Now, the “godfather of AI” Geoffrey Hinton has joined the ranks of concerned scientists. “I think it’s entirely possible that humanity is just a passing phase in the evolution of intelligence,” Hinton said in a recent interview at MIT. Hinton recently quit his job at Google so that he could speak openly about the existential dangers presented by the LLMs his own research helped make possible.

“I’m sounding the alarm and saying we have to worry about this,” he said at the time of his exit. “It’s not clear there is a solution.” Hinton says that when AI systems are allowed to set their own “sub-goals” they’ll eventually see human beings as barriers to achieving them. The classic hyptothetical: An AI tasked with solving climate change might quickly determine that humans, and human habits, are the main obsticle to achieving its goal. An AI with extra-human intelligence, the thinking goes, might quickly learn to deceive its human operators.

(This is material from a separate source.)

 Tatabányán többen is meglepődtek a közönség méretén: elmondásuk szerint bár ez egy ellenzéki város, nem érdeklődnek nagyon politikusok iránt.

This danger relates directly to humans’ ability to interpret what’s going on within the inscrutable black box. OpenAI seemed to acknowledge this in a research paper published this month on AI interpretability. “Our understanding of how they work internally is still very limited,” OpenAI’s researchers wrote. “For example, it might be difficult to detect from their outputs whether they use biased heuristics or engage in deception.”

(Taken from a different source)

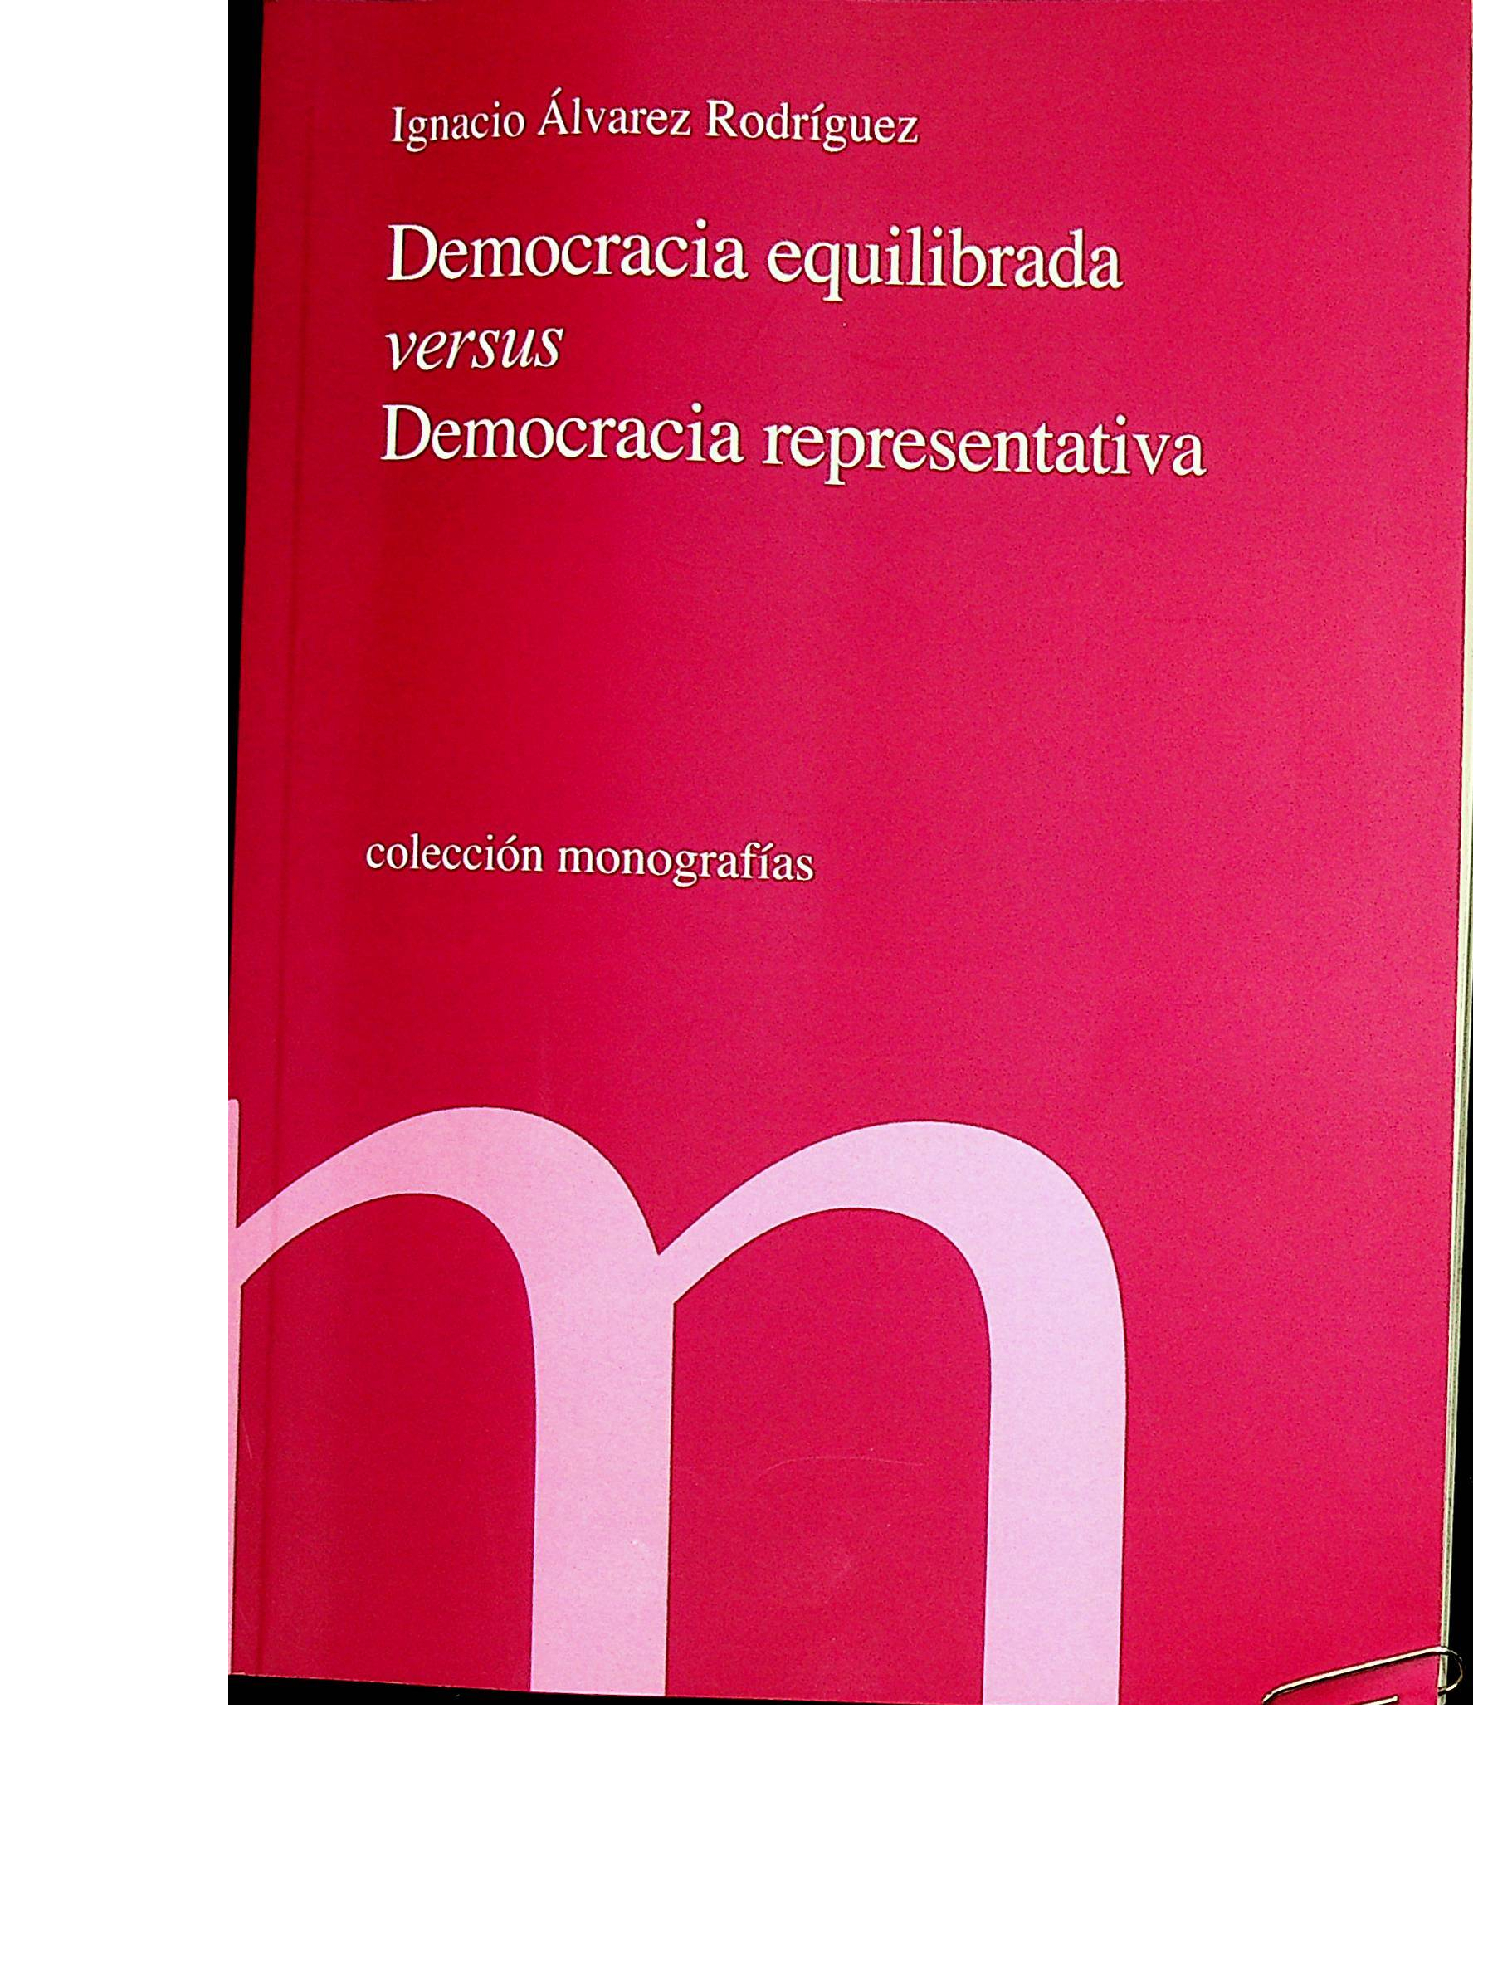 Imagen de portada del libro Democracia equilibrada "versus" democracia representativa

In the wake of this big leap forward in natural language processing, researchers find themselves far behind in interpreting LLMs. And far more money continues to be spent on pushing the models to higher levels of performance than on gaining a better understanding of their inner workings.

The question, then, is whether the profit-driven tech companies now developing AI can learn enough in the short term about how LLMs work to effectively manage the long term risks?

Mechanistic interpretation

Large language models grew up quickly—arguably, too quickly. The tech’s current frontrunner, ChatGPT, is powered by a radically souped-up transformer model, an invention of Google’s from 2017. OpenAI’s researchers, in broad terms, used impressive computing power to train a transformer model on massive amounts of data scraped from the web. The results were surprising and astounding: an LLM with an eerily acute sense of human language.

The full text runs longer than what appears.